In 2022, the family of Murdoch and a local newspaper came together to offer a £20,000 reward for information leading to the capture of the killer. The case featured on Crimewatch Live on 14 March 2022, which led to new leads. Dozens of people came forward with new information, and Crimewatch Live released a statement saying "The George Murdoch case has clearly struck a chord". Murdoch's nephew pleaded for people to come forward to give the family closure, saying: "Closure to a family is like gold dust, something that you crave for, that you need. Even after 38 years, a family care. We've always cared. We always will".

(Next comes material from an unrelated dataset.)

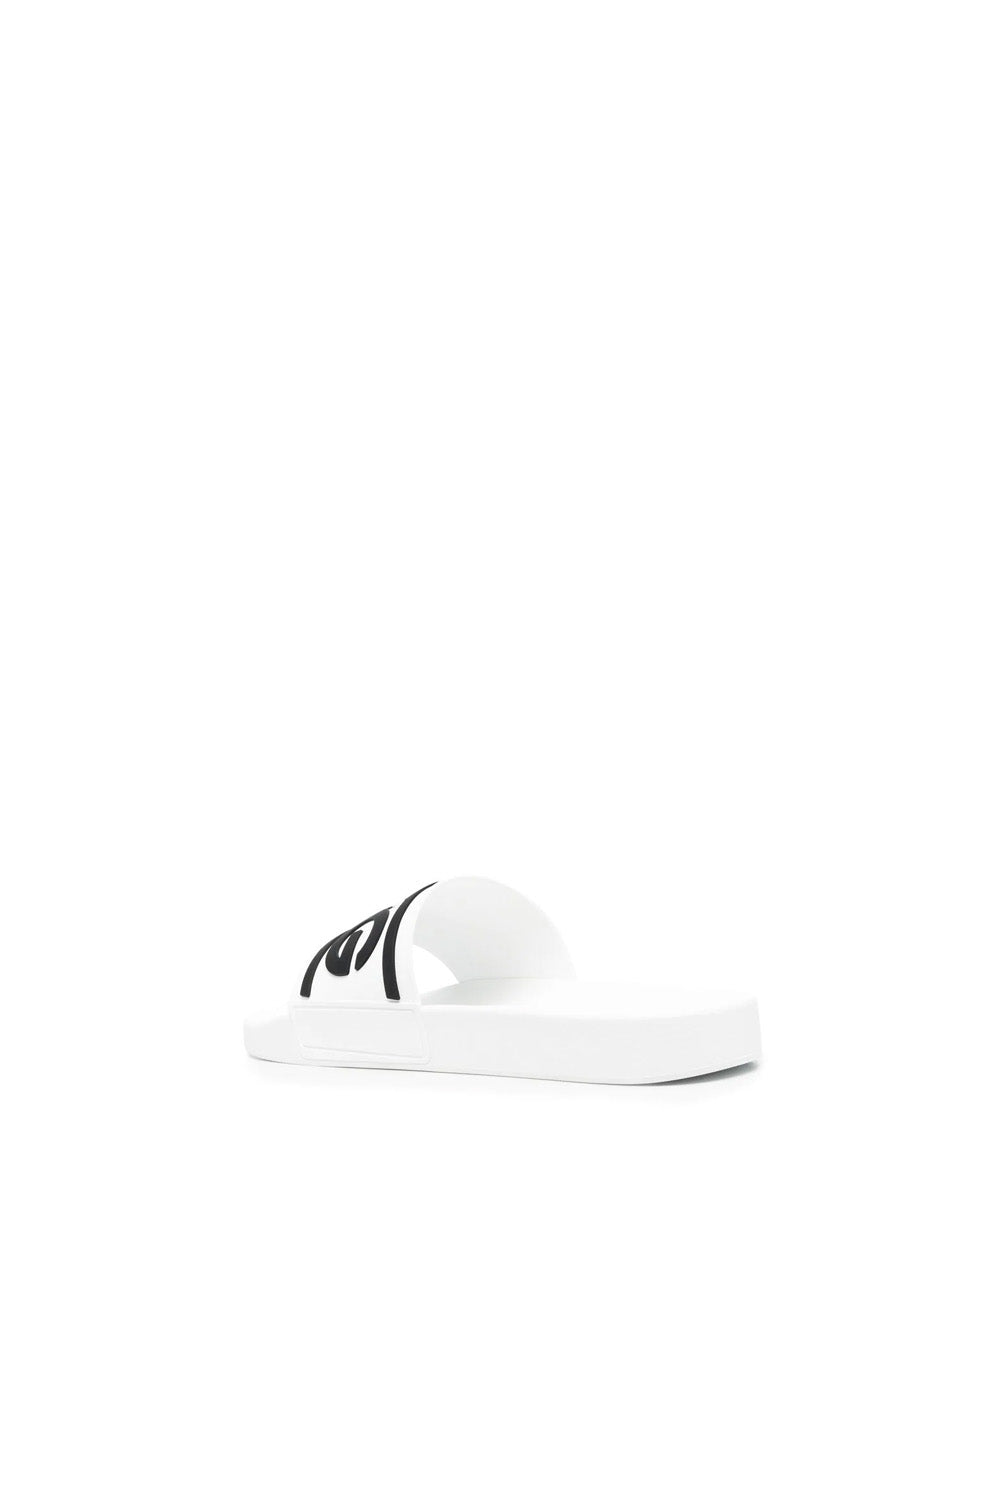 Dolce & Gabbana logo-print beach sliders white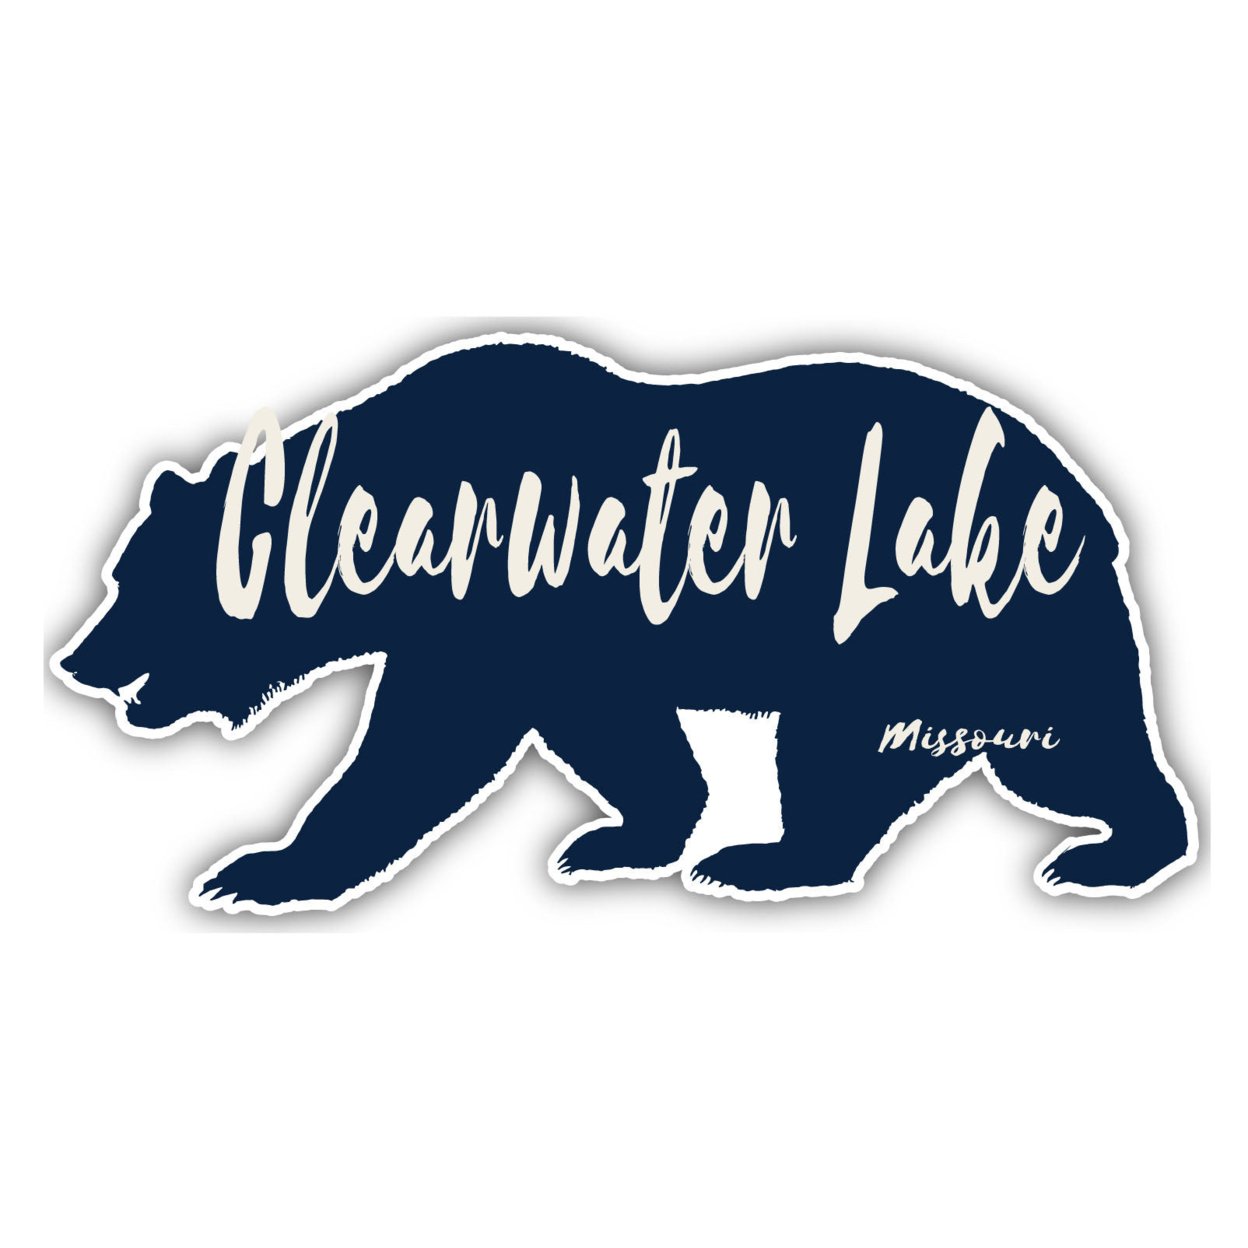 Clearwater Lake Missouri Souvenir Decorative Stickers (Choose Theme And Size) - Single Unit, 12-Inch, Bear

In September 2022, police revealed they wanted to trace a man seen in Wilson's Sports Bar in Aberdeen in 2015 wearing an Iron Maiden T-shirt, saying that they believed he may be able to help with the inquiry. He was described as being small, stocky in his 60s or 70s and local to Aberdeen. The lead detective on the case, James Callander, said: "Following last year's appeal we now have information about a man we would like to speak to as we believe he may be able to assist with our investigation into the murder of George. We continue to receive information about what may have happened to George, which is very encouraging and I would like to thank the public for this. The public's continued assistance and support is vital in order to bring this inquiry to a conclusion and provide much-needed closure to George's family."

In September 2023, police revealed that they had isolated what is believed to be the DNA profile of the male killer, which has been described as the "most significant development in the case to date". Police appeal for anyone to come forward not just with names of those they may suspect were responsible, but also if they suspect they may be related to the offender, saying: "We're looking at sons and daughters who maybe had suspicions over the years that their father was responsible to come forward. We can take a simple DNA swab and we can compare that to give peace of mind to the family to say your father isn't responsible". The investigation team revealed that the DNA had been successfully used to eliminate most people that have come into the murder inquiry over its forty years. As of September 2023, there is a £50,000 reward for information on the case.

==Lasting notoriety==
The case was featured on the STV documentary series Unsolved in 2004. The series focused on Scotland's most infamous unsolved murders.

Murdoch's murder was featured on STV News at Six on 28 September 2018 after a new appeal was made on the murder.

On the episode of Crimewatch Live which appealed for information on Murdoch's case on 14 March 2022, Murdoch's murder was described as having become one of the most notorious unsolved cases in the north-east of Scotland and one of Aberdeen's "darkest episodes".

The case was featured on Forensics: Murder Case, which aired on 21 July 2025 on 5.